● WORK TO COMPLETE:
Write only how many lines in this data include "Transparent".

Collection entries
++++++++++++++++++++
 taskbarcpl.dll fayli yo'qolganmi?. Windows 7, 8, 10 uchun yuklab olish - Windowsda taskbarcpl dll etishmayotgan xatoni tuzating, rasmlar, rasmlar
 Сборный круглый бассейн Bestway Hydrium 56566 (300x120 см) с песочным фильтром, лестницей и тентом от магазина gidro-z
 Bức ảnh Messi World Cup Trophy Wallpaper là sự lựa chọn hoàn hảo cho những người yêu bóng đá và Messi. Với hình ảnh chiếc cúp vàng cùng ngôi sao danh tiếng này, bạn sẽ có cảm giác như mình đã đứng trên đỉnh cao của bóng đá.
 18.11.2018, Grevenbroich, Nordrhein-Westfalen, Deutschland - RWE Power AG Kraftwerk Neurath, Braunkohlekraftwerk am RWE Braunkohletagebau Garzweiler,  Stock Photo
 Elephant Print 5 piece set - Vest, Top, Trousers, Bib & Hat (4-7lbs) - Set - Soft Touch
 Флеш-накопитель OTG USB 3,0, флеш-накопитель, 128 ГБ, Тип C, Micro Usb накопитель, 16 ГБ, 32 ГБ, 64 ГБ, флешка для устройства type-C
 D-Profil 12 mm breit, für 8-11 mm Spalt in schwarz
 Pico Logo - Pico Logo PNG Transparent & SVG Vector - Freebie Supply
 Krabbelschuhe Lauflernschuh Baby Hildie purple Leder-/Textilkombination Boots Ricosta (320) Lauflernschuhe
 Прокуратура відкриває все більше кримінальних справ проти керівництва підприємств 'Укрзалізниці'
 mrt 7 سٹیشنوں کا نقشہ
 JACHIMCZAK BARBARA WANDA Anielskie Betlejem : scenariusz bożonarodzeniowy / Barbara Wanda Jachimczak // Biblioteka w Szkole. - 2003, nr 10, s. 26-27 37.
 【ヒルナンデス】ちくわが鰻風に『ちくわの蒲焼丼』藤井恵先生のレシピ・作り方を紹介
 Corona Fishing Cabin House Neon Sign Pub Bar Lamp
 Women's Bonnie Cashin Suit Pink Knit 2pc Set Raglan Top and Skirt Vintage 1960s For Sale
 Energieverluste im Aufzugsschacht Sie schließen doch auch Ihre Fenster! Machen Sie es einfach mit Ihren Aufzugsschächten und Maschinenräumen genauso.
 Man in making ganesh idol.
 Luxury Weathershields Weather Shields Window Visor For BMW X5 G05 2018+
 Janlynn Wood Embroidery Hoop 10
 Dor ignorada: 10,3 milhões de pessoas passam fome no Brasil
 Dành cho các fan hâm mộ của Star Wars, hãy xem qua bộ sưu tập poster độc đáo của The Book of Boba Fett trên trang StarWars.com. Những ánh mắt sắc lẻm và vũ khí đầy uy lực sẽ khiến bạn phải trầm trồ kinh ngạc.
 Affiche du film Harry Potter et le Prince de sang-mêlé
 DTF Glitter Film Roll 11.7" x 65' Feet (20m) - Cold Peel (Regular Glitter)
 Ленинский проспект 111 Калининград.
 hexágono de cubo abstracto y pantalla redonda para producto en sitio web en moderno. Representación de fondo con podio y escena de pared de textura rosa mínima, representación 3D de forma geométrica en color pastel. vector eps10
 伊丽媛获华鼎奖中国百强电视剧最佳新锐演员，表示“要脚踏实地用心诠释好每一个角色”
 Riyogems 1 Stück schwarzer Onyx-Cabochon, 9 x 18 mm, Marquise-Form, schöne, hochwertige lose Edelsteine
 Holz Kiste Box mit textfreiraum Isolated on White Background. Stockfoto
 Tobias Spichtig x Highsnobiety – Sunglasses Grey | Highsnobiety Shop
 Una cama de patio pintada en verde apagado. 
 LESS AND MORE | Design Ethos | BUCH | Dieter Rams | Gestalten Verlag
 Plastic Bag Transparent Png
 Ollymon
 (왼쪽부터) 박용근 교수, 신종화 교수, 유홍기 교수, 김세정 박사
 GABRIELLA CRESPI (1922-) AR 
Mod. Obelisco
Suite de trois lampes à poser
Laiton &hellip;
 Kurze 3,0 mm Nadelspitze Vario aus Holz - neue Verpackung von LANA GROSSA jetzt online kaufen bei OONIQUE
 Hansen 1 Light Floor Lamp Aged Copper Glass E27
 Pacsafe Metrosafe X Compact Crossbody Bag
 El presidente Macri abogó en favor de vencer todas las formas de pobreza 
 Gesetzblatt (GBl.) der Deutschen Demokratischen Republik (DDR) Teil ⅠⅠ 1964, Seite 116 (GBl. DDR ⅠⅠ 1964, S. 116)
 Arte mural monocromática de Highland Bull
++++++++++++++++++++
● RESPONSE TO THE EXERCISE:
2